Exercise details: Your answer should be the exact lines of the data below from the one containing "PATRONES GRATIS DE" through the one containing "25mm polycarbonaat meerwandig"; please include nothing else.

Given records:
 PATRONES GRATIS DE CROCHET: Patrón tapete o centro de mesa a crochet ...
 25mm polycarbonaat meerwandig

==

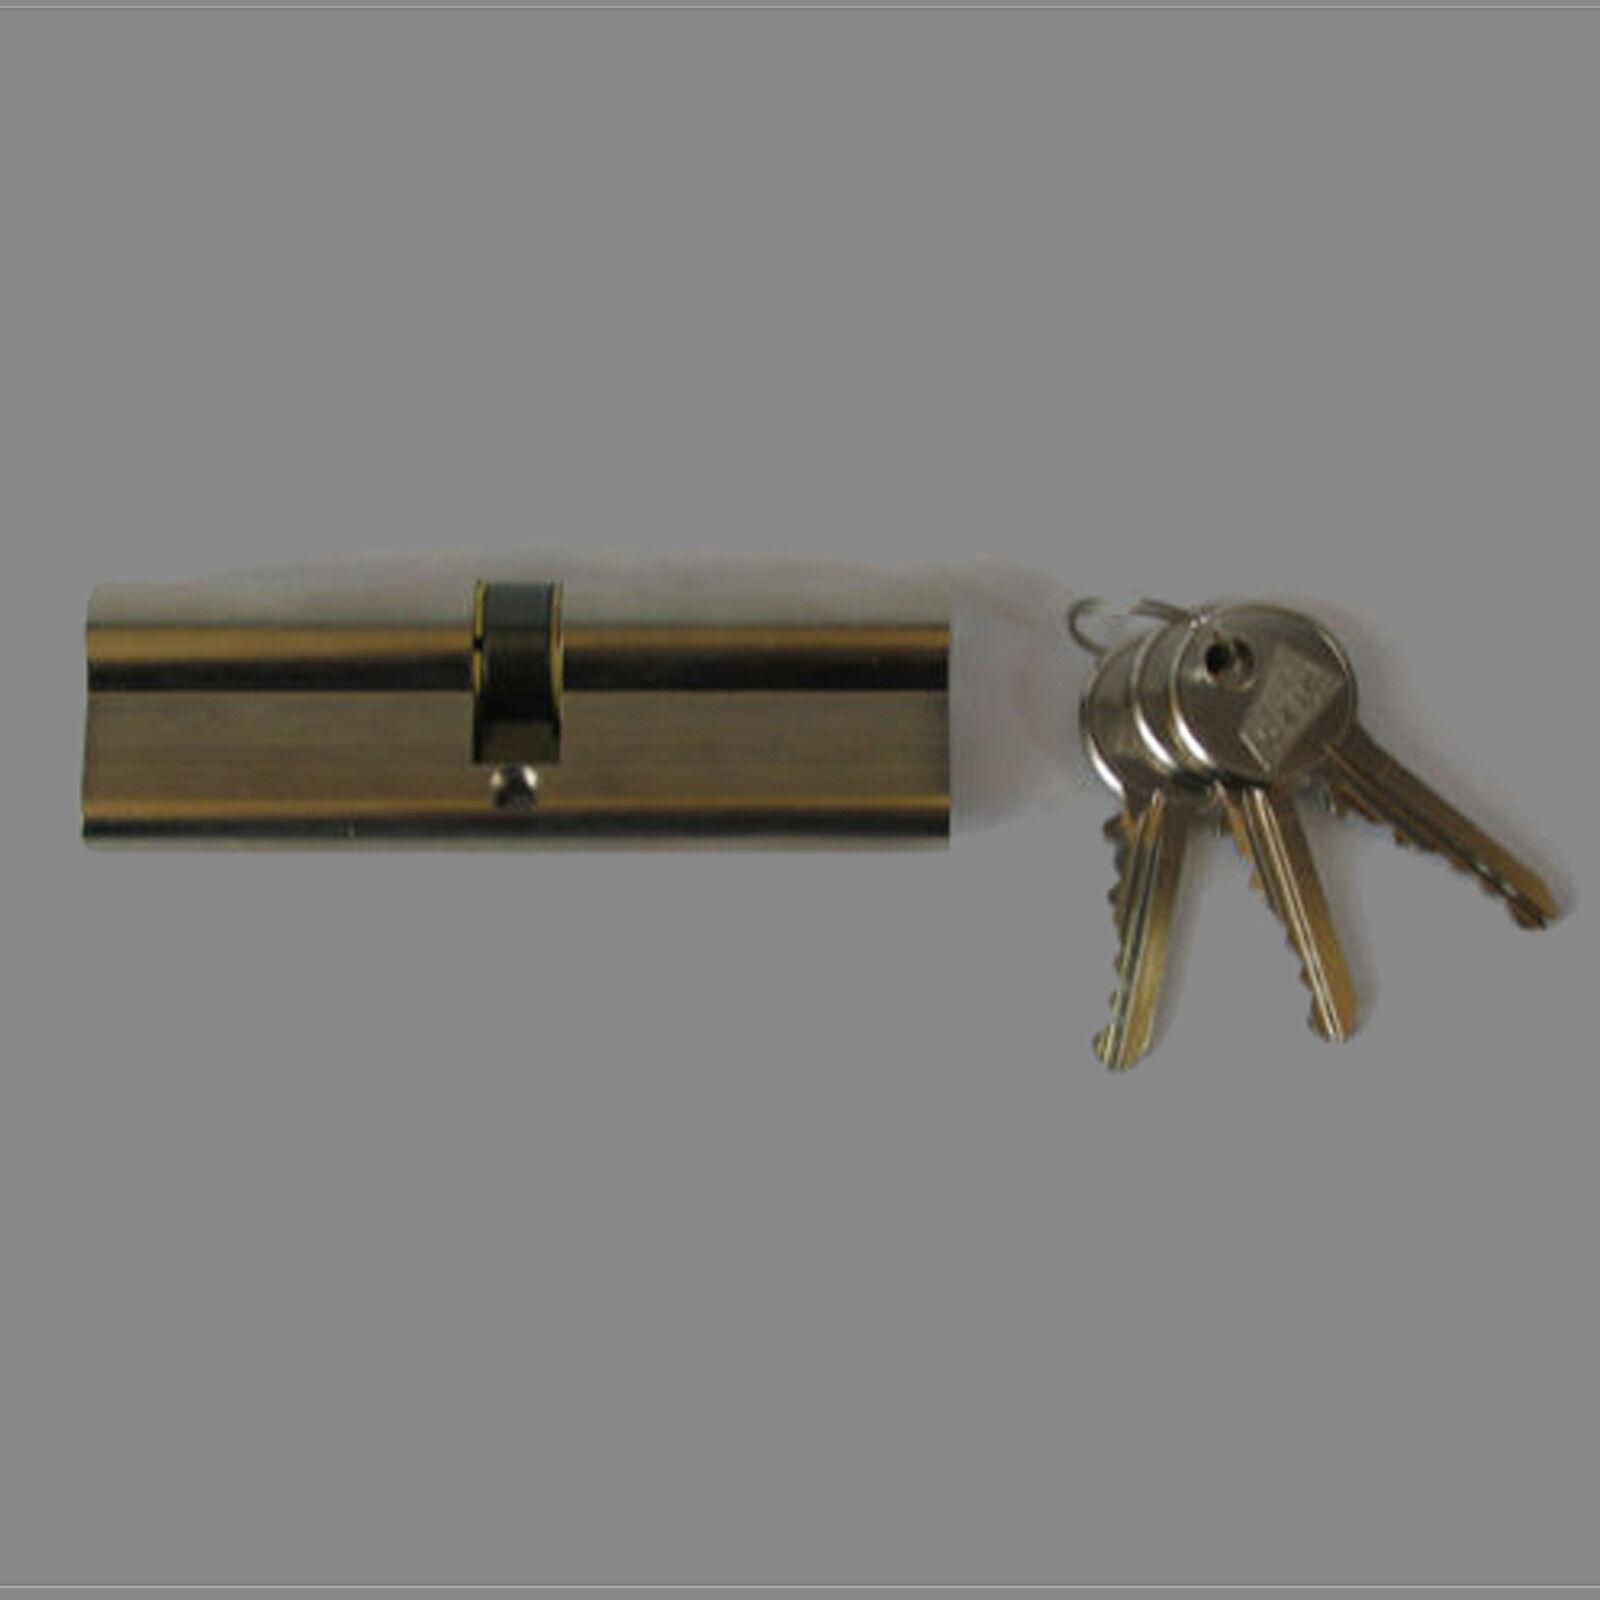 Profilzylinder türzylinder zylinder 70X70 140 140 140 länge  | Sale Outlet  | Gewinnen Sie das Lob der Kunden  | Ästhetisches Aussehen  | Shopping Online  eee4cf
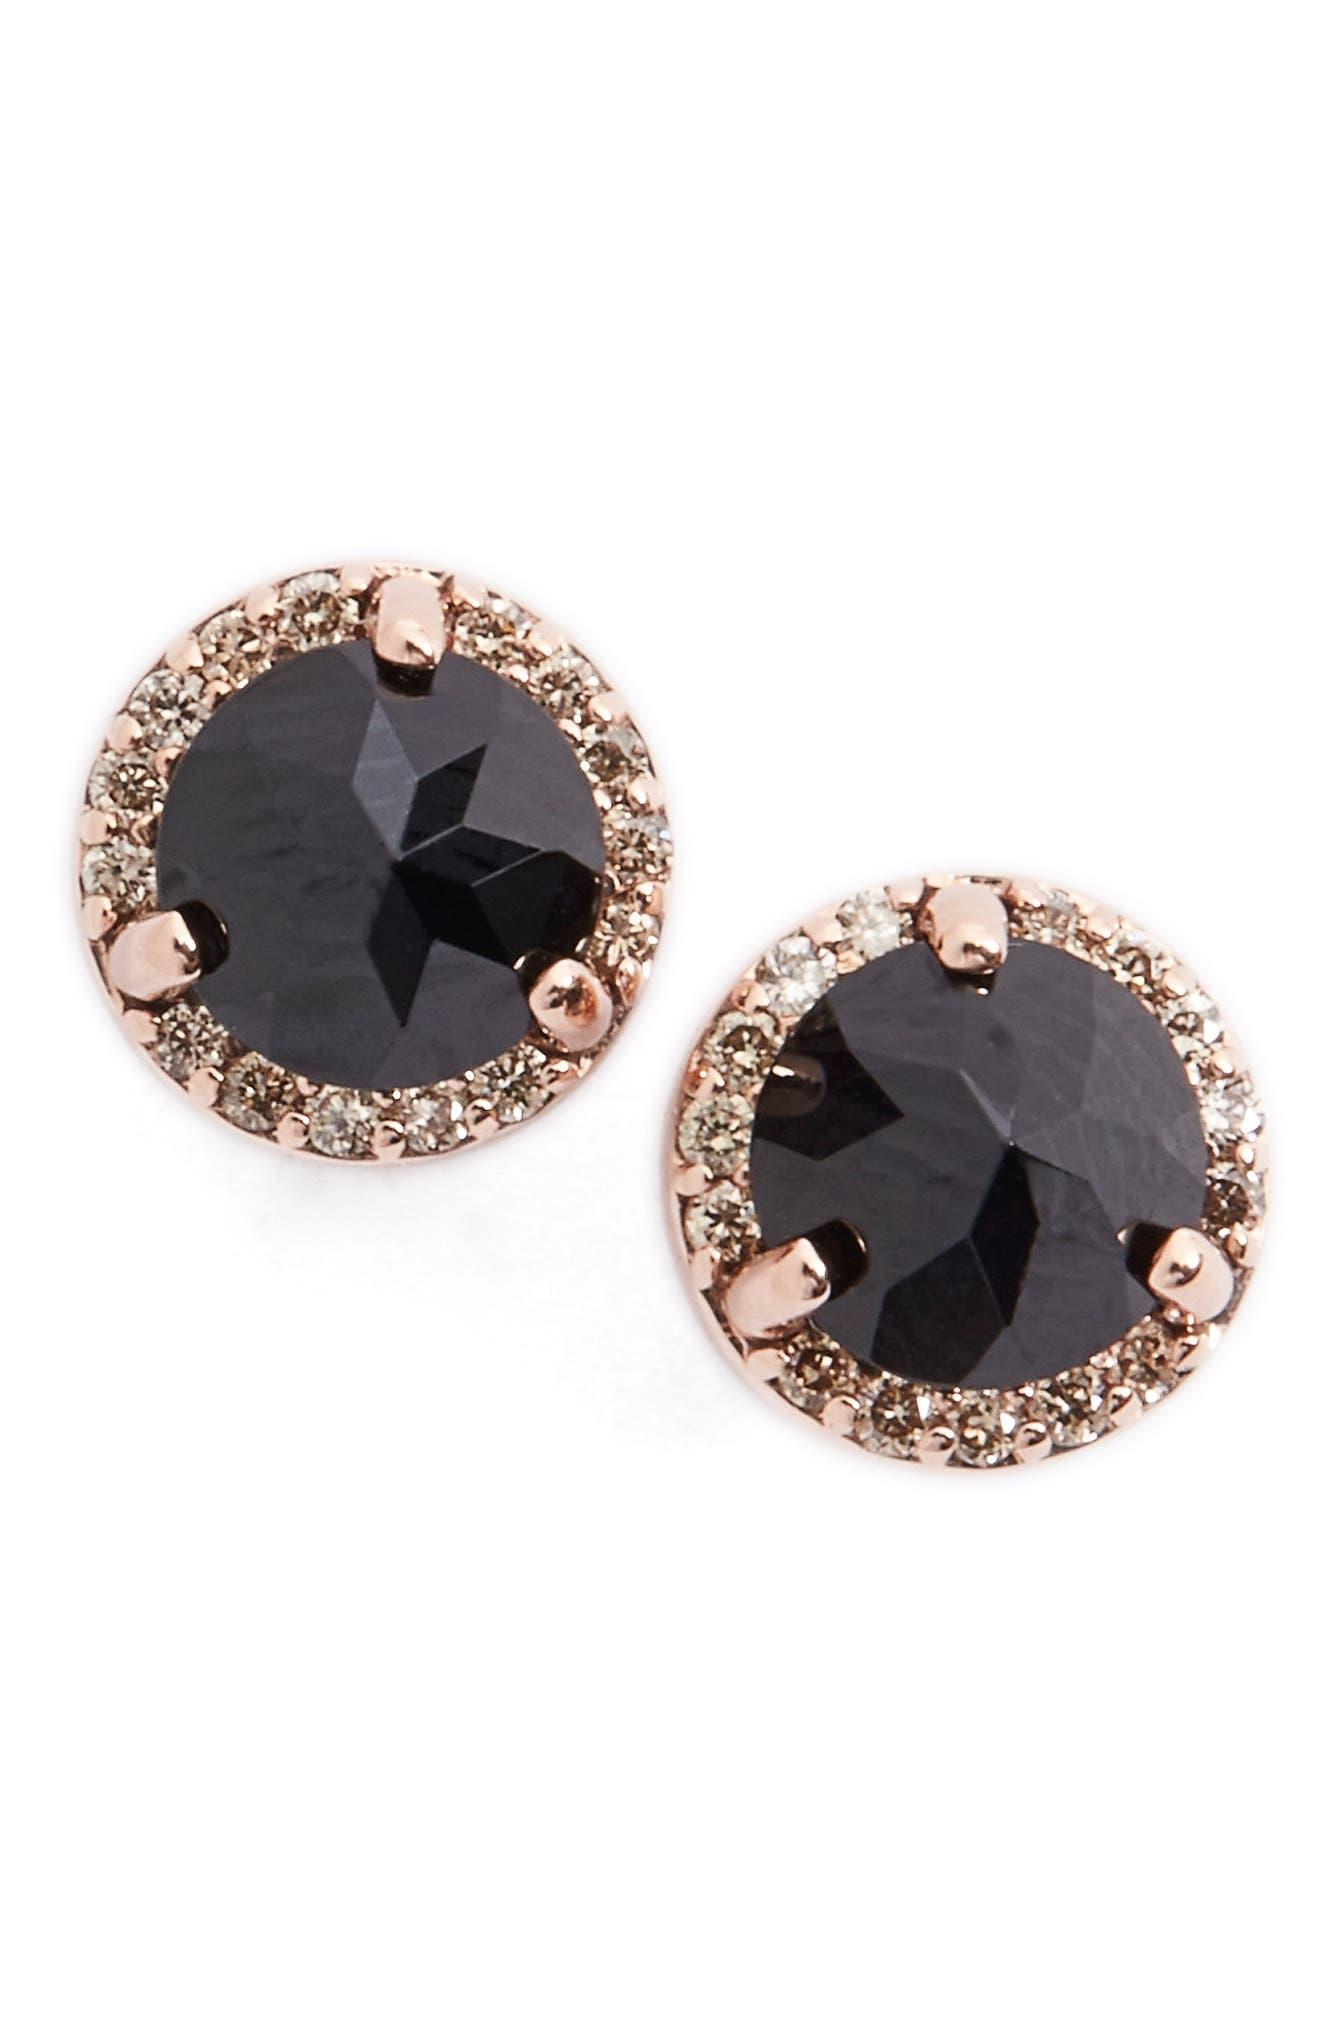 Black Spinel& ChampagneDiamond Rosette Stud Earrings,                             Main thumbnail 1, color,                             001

---

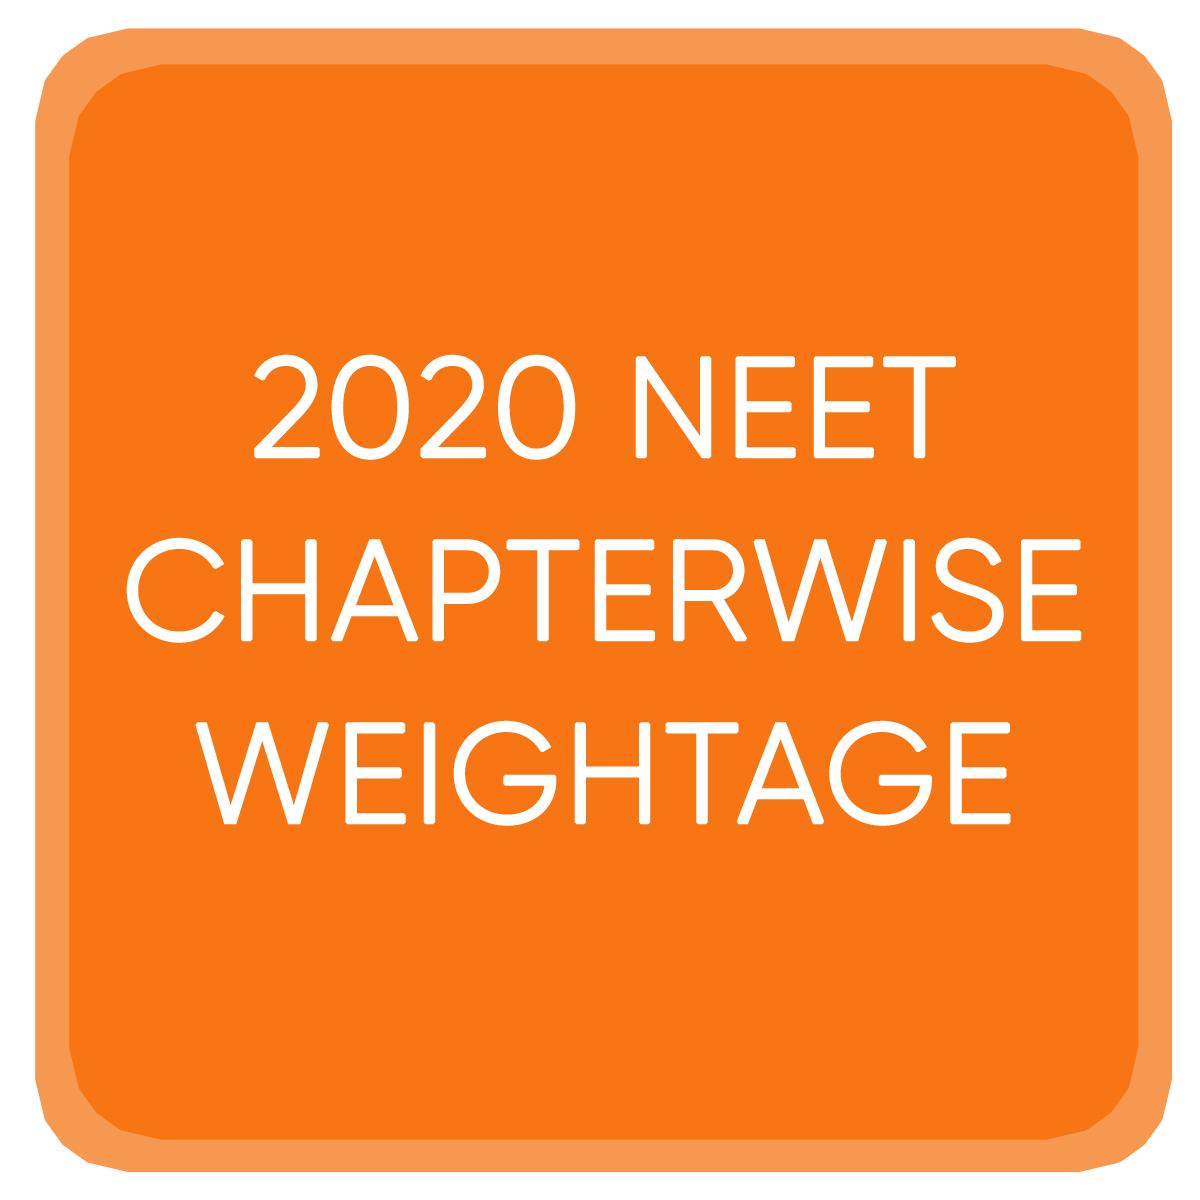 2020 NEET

Answer box:
 PATRONES GRATIS DE CROCHET: Patrón tapete o centro de mesa a crochet ...
 25mm polycarbonaat meerwandig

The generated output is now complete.